It is true when $R$ is reduced, without $\mathbb{Z}$-torsion. If your blocks are $(M_{i,j})_{1 \leq i,j \leq n}$ and if
$$N = \sum_{\sigma \in \mathfrak{S}_n} \epsilon(\sigma) M_{1,\sigma(1)} \dots M_{n,\sigma(n)},$$
then $\mathrm{det}(M) = \mathrm{det}(N)$.
Indeed, if $R$ is reduced without $\mathbb{Z}$-torsion then it can be embedded into a product of algebraically closed fields of characteristic $0$ (take algebraic closures of the residue fields at the minimal primes), so that one can assume that $R$ is an algebraically closed field of characteristic $0$. Then by Lie's theorem on can assume that the blocks $(M_{i,j})$ are all upper-triangular. By replacing $R$ with an algebraic closure of $R(T)$, and $M_{1,1}$ by $M_{1,1} + T I_k$ if necessary, one can assume that $M_{1,1}$ is invertible. The proof is by induction on $n$, but I will detail only the case $n=2$. In this case one has
$$
\begin{pmatrix} M_{1,1} & M_{1,2} \\ M_{2,1} & M_{2,2} \end{pmatrix} \begin{pmatrix} I_k & - M_{1,1}^{-1} M_{1,2} \\ 0 & I_k \end{pmatrix} = \begin{pmatrix} M_{1,1} & 0 \\ M_{2,1} & M_{2,2} - M_{2,1} M_{1,1}^{-1} M_{1,2} \end{pmatrix},
$$
so that $\mathrm{det}(M) = \mathrm{det}(M_{1,1}) \mathrm{det}(M_{2,2} - M_{2,1} M_{1,1}^{-1} M_{1,2}) $. Since the blocks are upper triangular, the determinants are computed by taking the product of diagonal entries, so that this is equal to $\mathrm{det}(M_{1,1}M_{2,2} - M_{2,1} M_{1,2})$.
The hypothesis "without $\mathbb{Z}$-torsion" is necessary.
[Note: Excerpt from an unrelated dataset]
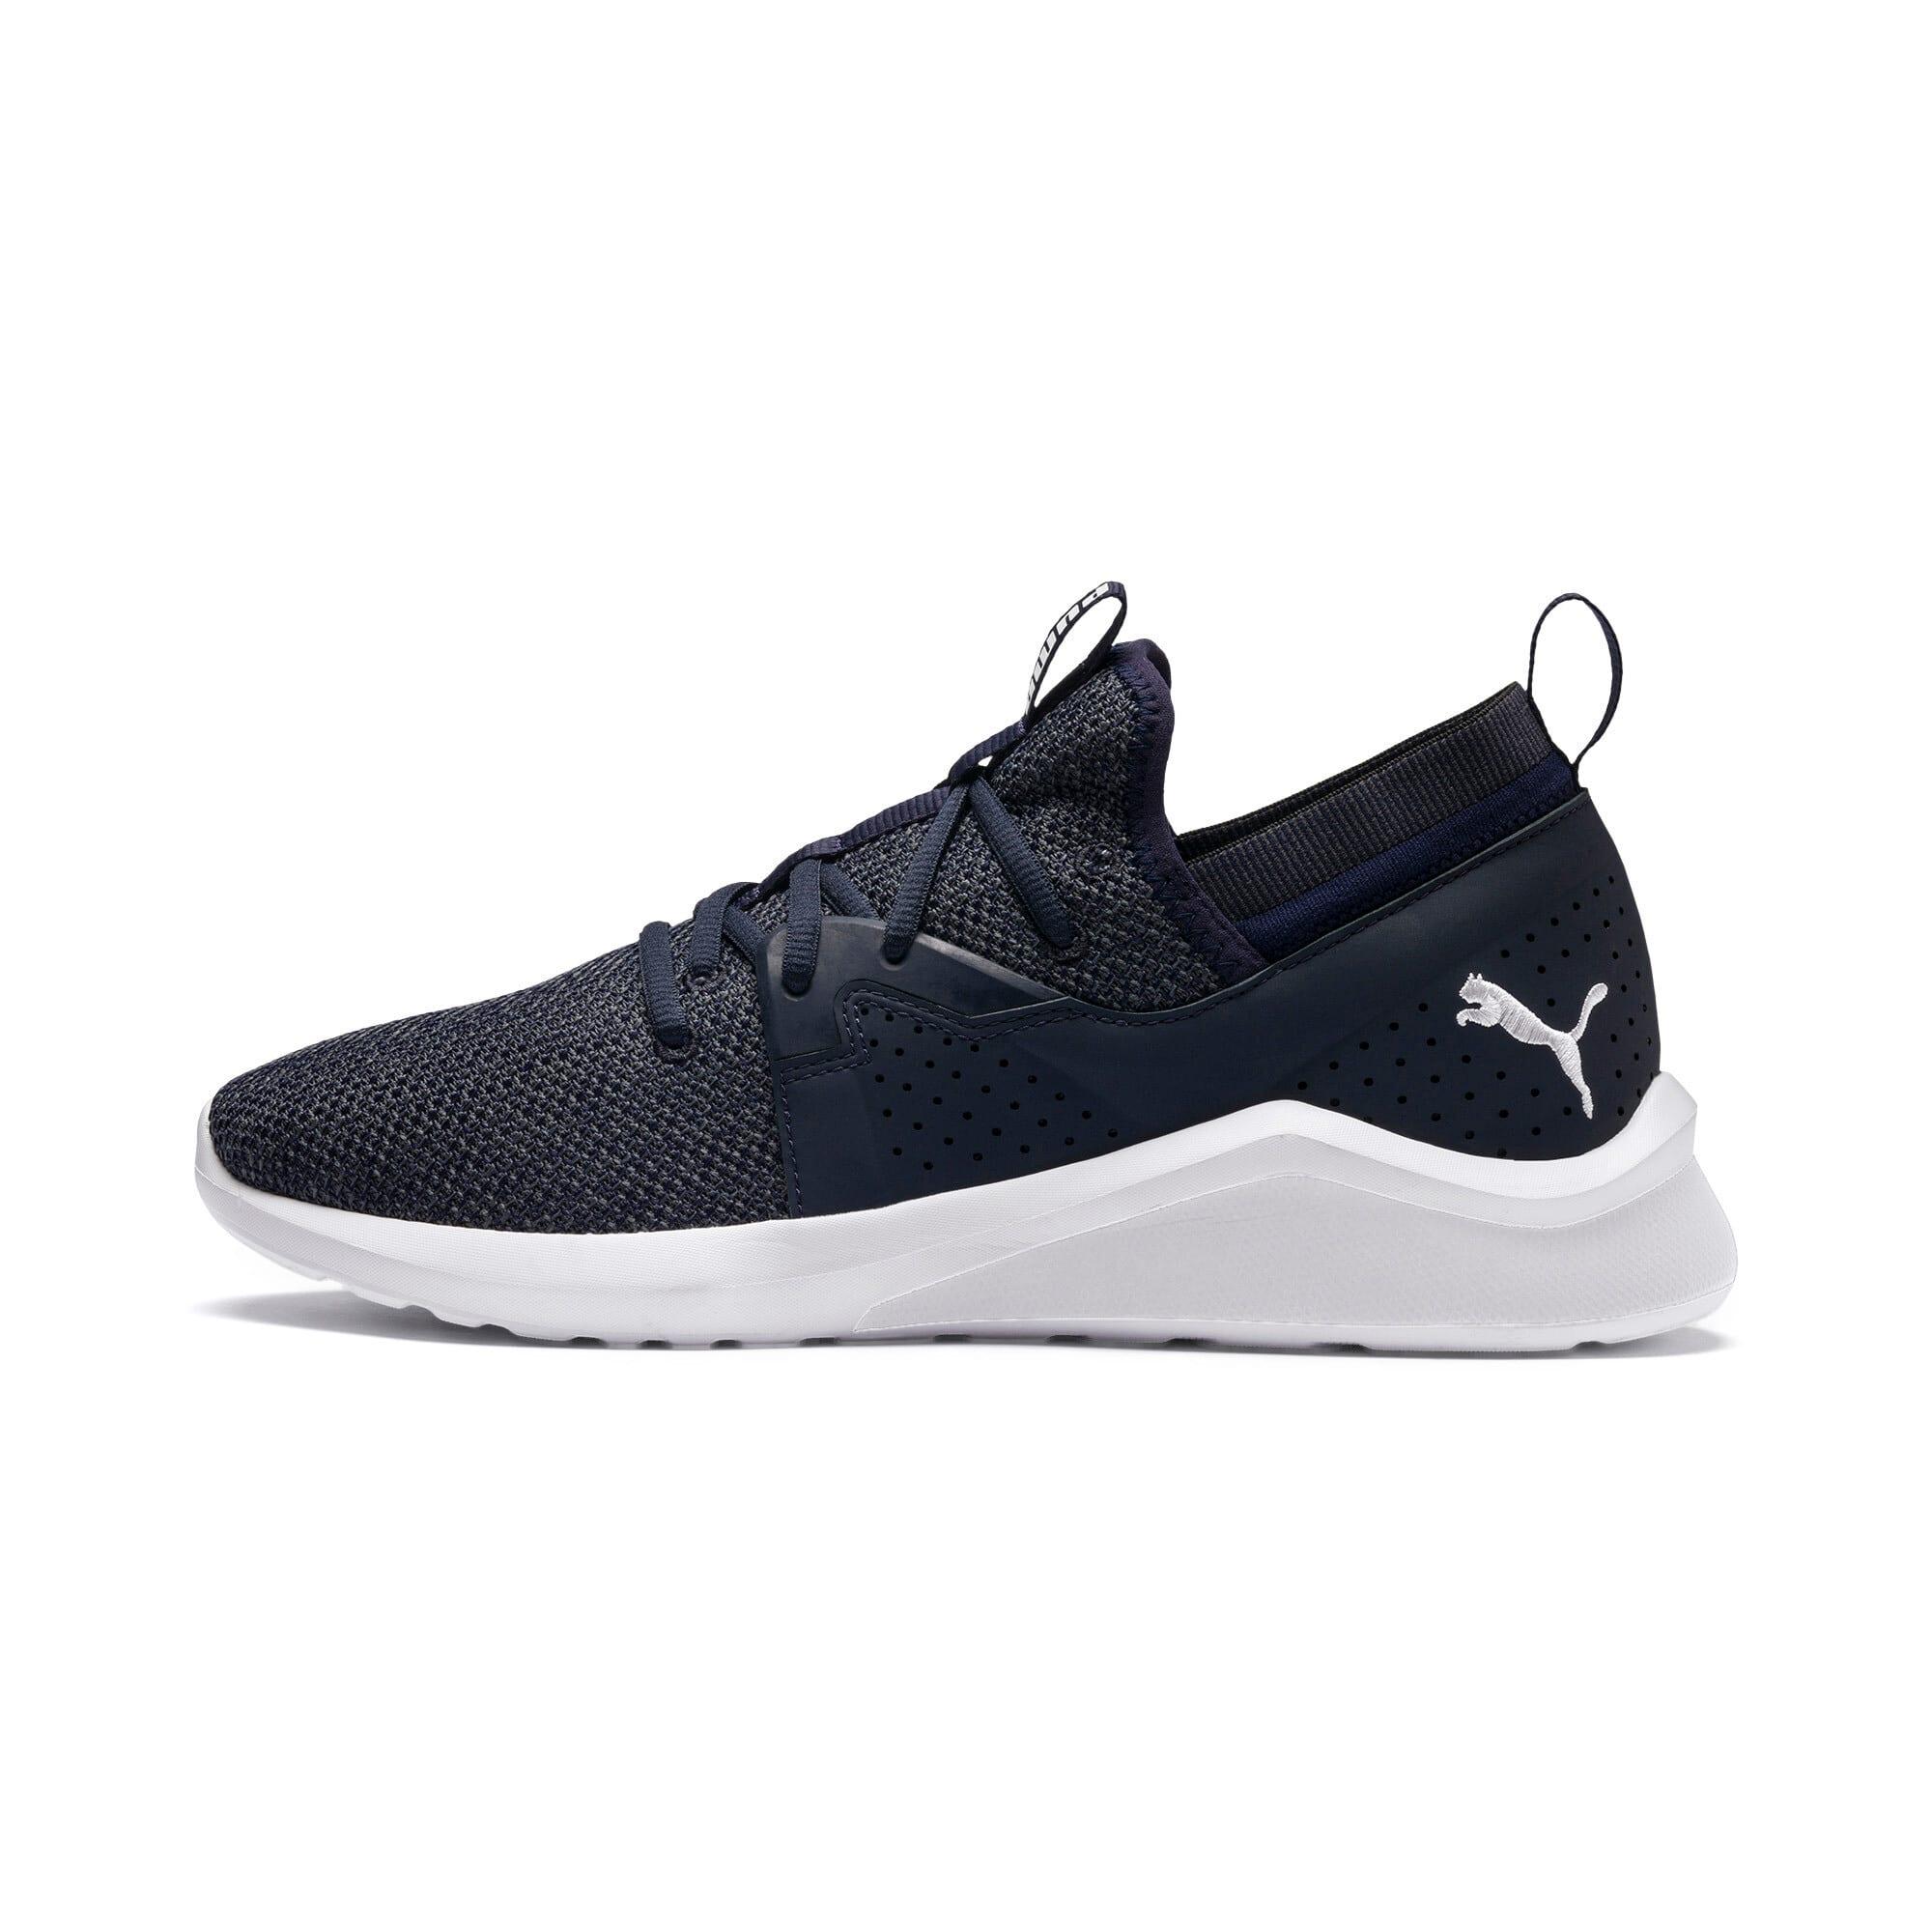 Miniatura 1 de Zapatos deportivos Emergence para hombre, Peacoat-Puma White, mediano

Indeed, consider $R = F(T)$ where $F$ is a finite field and consider the $R$-vector space $V = R^F = \mathrm{Maps}(F,R)$. Consider the endomorphisms given by
$$
a : f \in V \mapsto (x \mapsto f(x+1)) \\
b : f \in V \mapsto (x \mapsto xf(x)) .
$$
Then $[a,b] = a, [a^{-1},b] = - a^{-1}$, so that the Lie algebra generated by $a,a^{-1},b$ is solvable. Consider the block matrix
$$
\begin{pmatrix} a & Tb \\ b & a^{-1} \end{pmatrix}.
$$
By the computation above, its determinant is
$$\mathrm{det}(\mathrm{id} - aba^{-1}(Tb)) = \mathrm{det}(\mathrm{id} - (b+1)bT)) = \prod_{x \in F} (1 - x(x+1) T).$$
This is a polynomial of degree $|F| - 2$. However,
$$
\mathrm{det}(a a^{-1} - b (Tb)) = \prod_{x \in F} (1 - x^2 T)
$$
has degree $|F| - 1$, hence is not equal to the determinant of our block matrix.